### WHAT YOU SHOULD DO:
Word for word, copy the line that contains "Company logo image - Four Talent Ltd" and each line after it in the data below. Pictures stay out of the copy.

### RECORDED DATA:
┌──

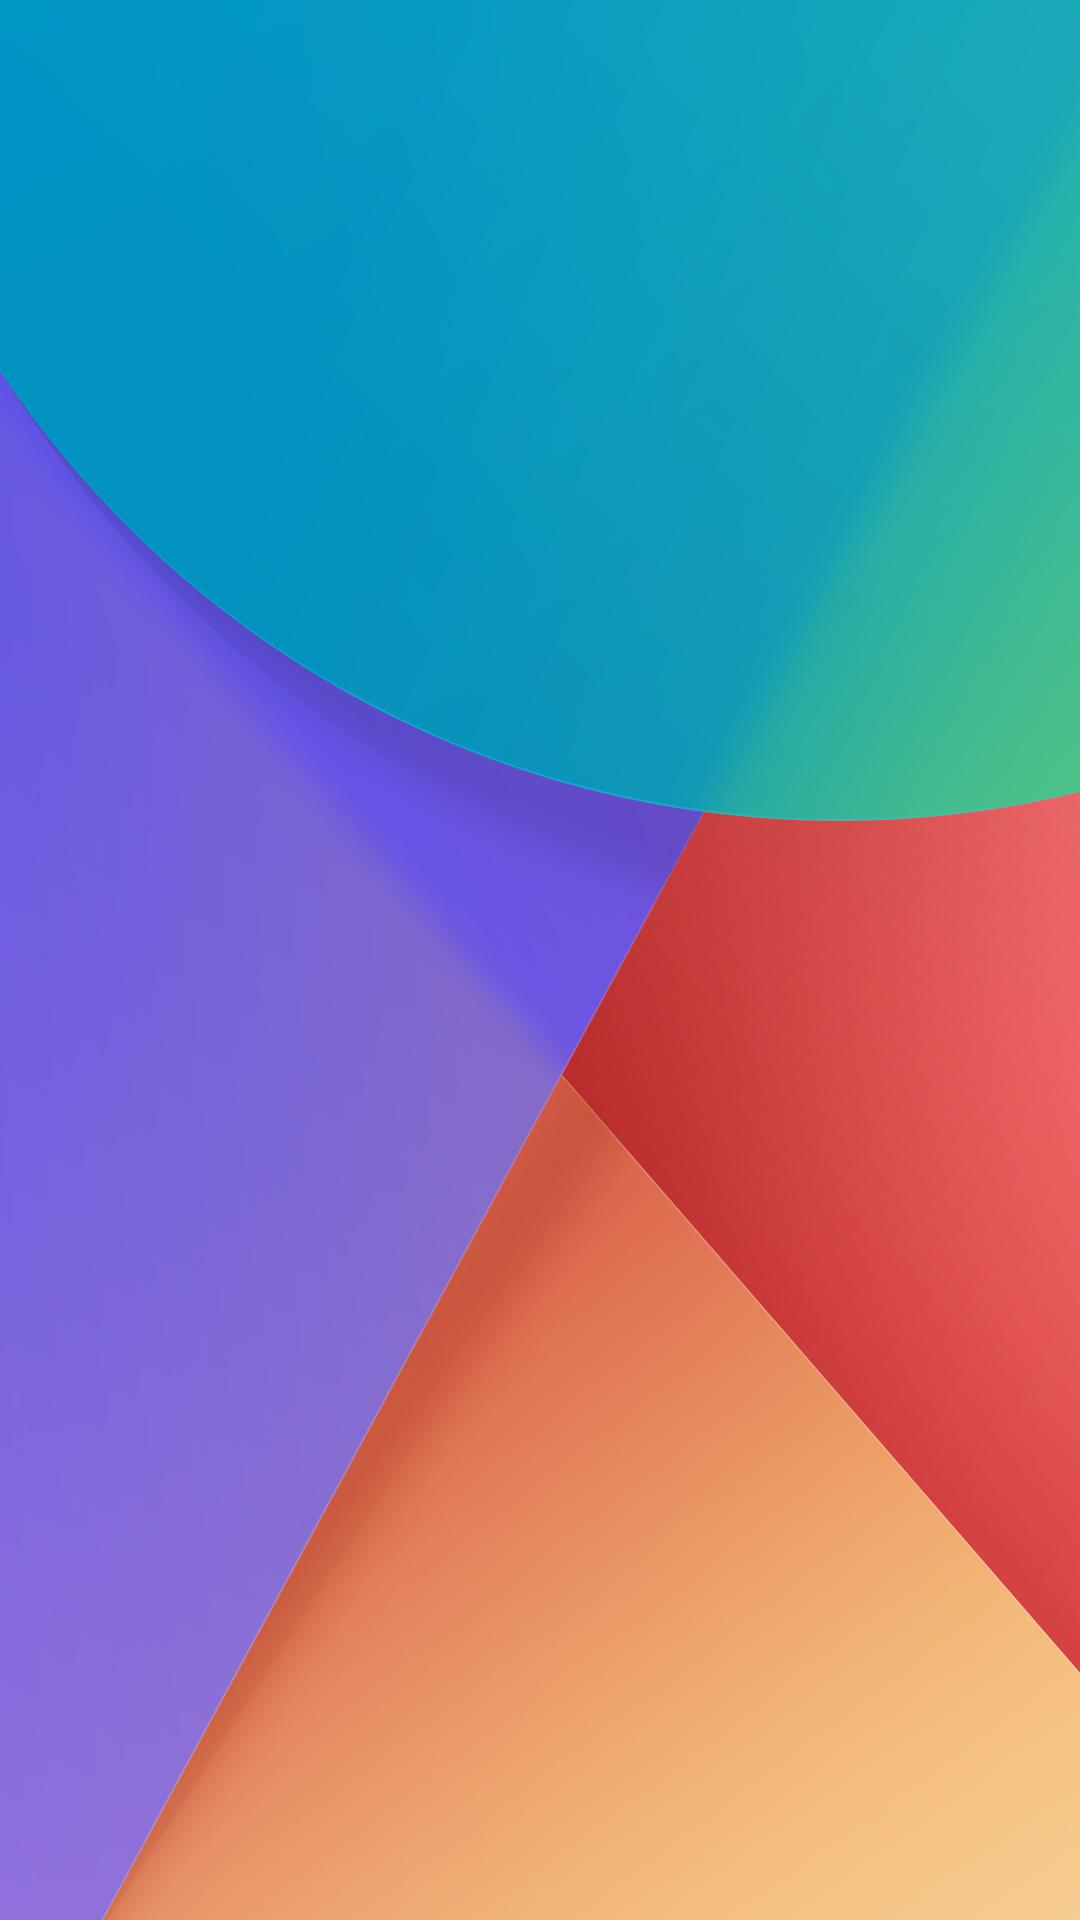 Mi Logo, phone wallpaper, background, lock screen | Обои андроид, Обои для  телефона, Обои фоны
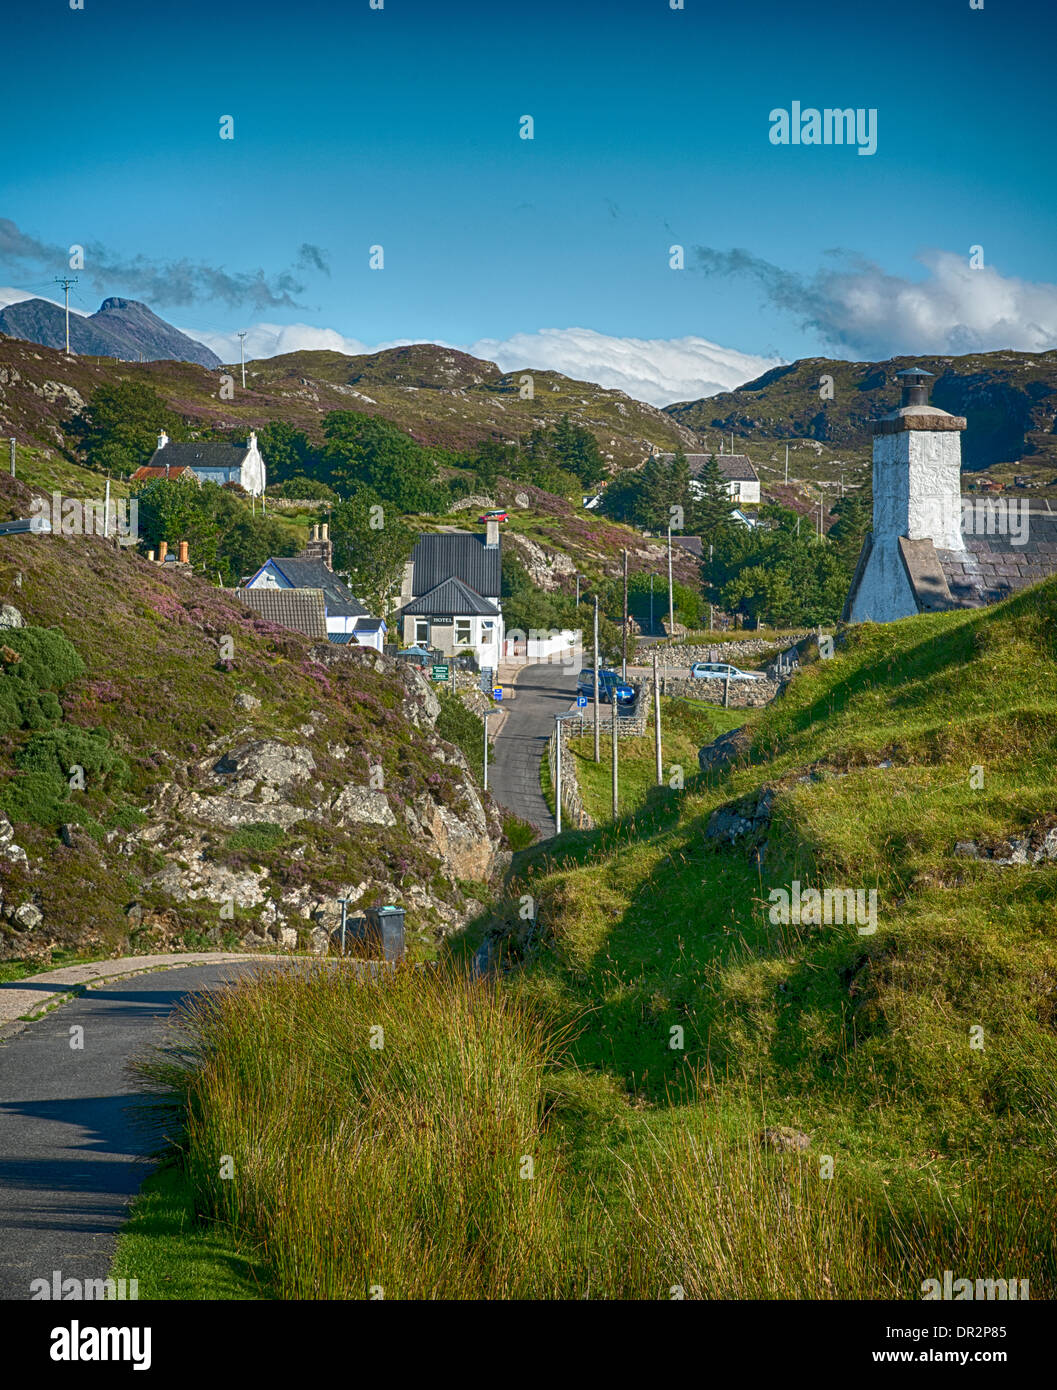 Vista de la aldea de Drumbeg, Highlands Escocesas. Foto de stock
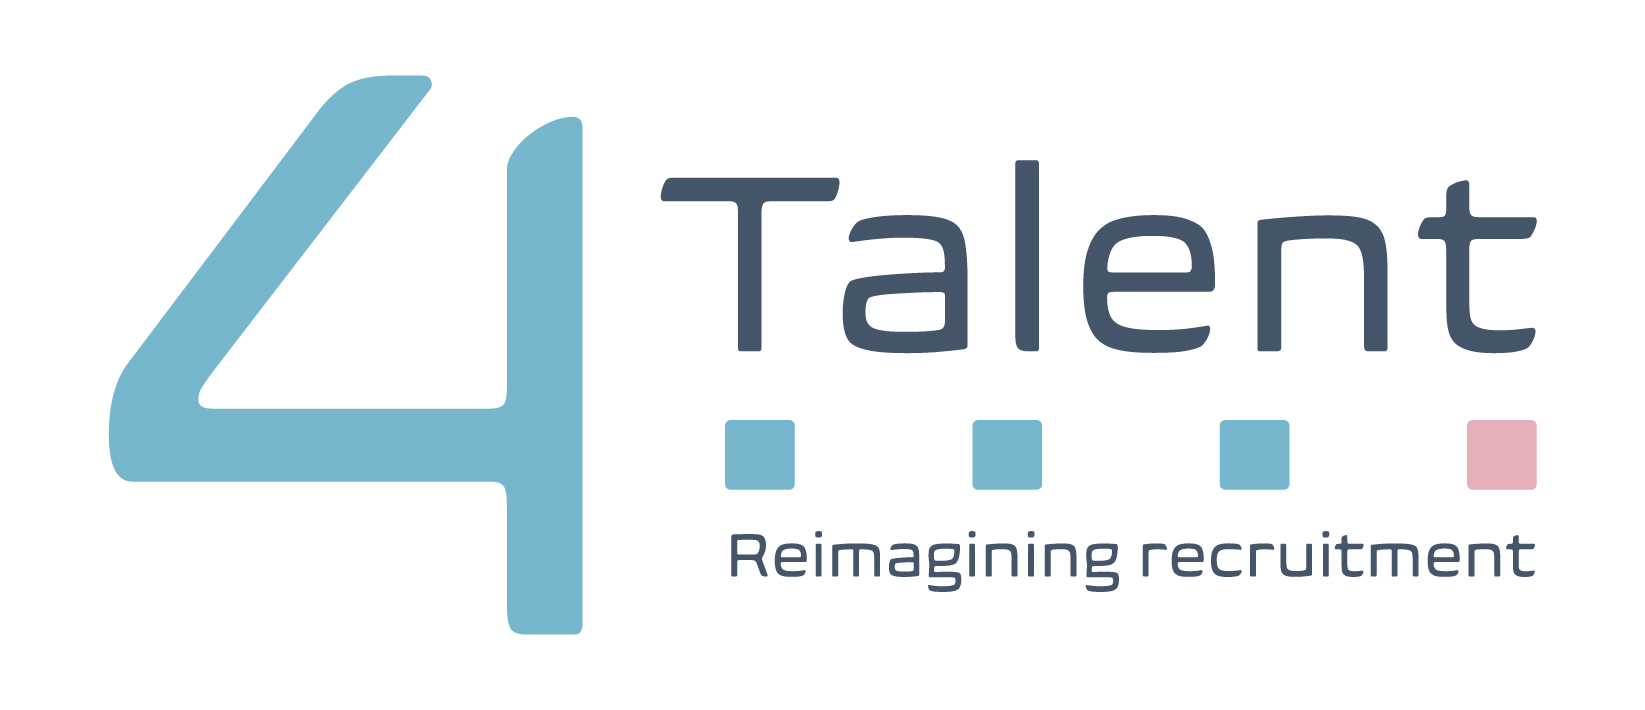 Company logo image - Four Talent Ltd
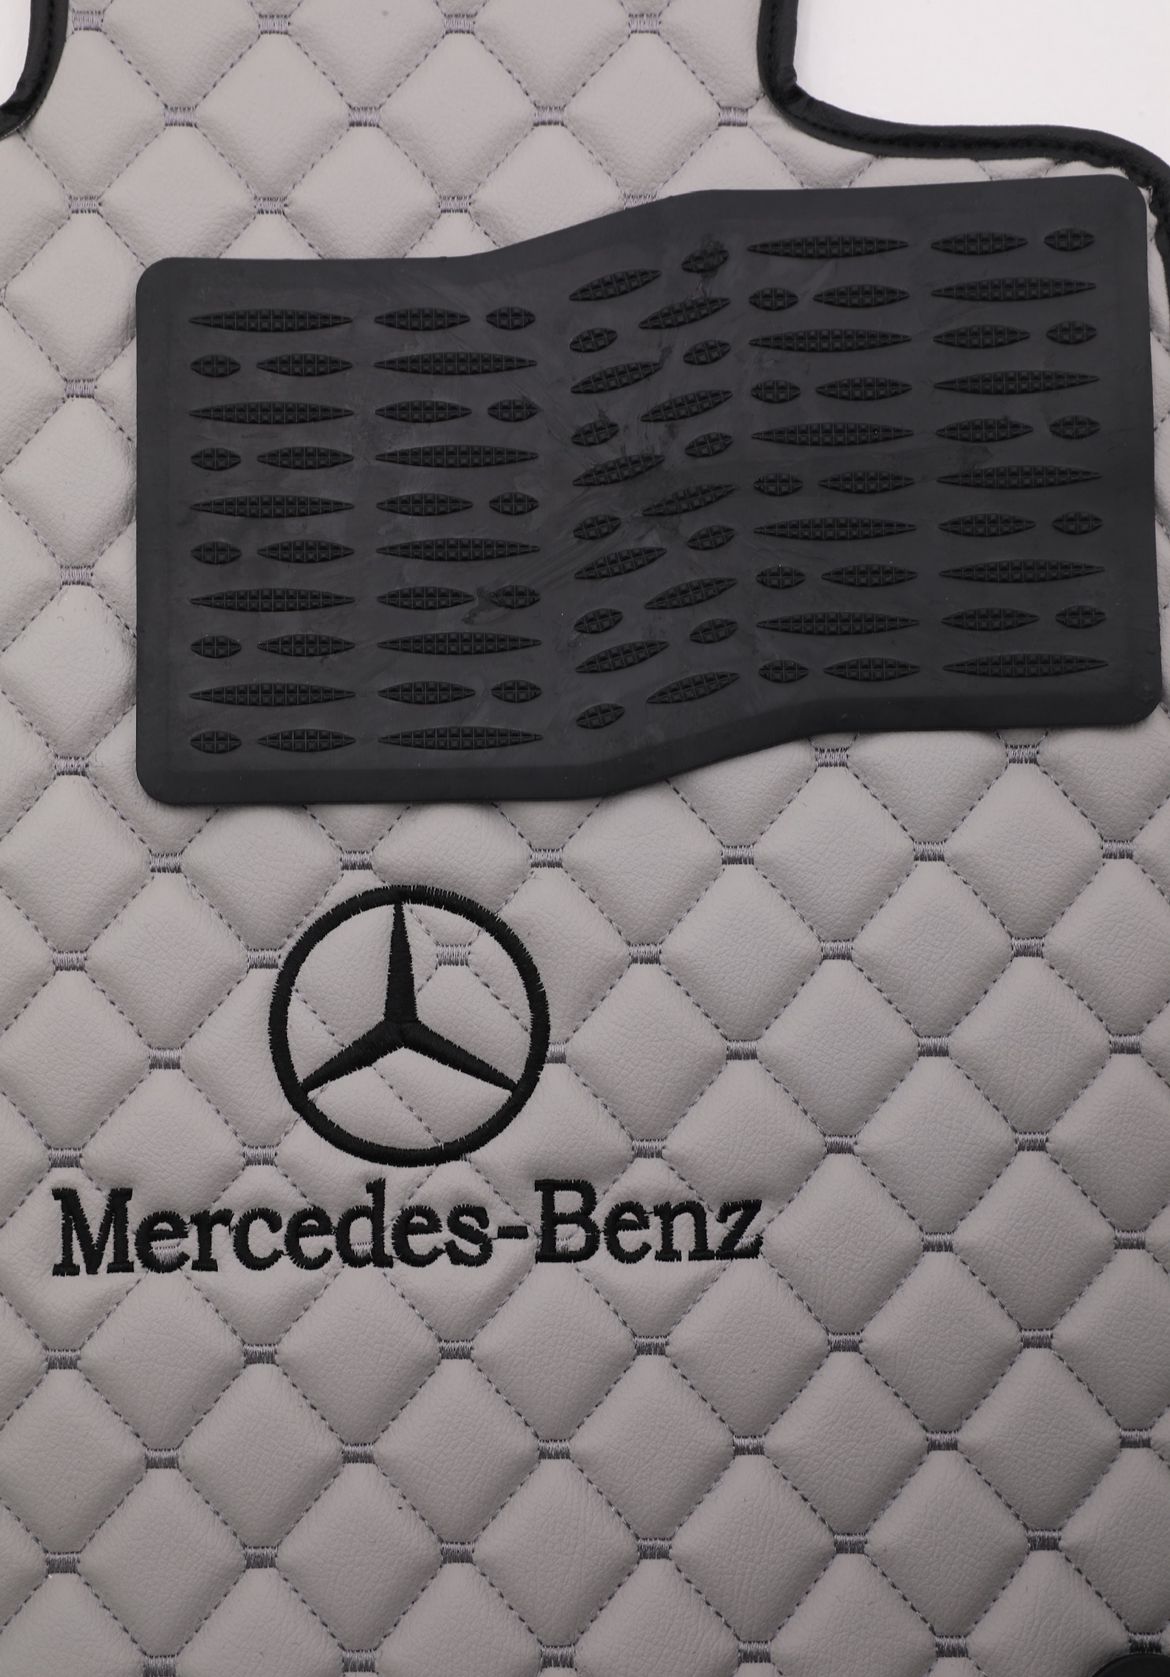 For Mercedes Benz EQC 2019-Onwards Model Special Design Leather Custom Car Mat 4x

└──

### ANSWER SPACE:
 Company logo image - Four Talent Ltd
 For Mercedes Benz EQC 2019-Onwards Model Special Design Leather Custom Car Mat 4x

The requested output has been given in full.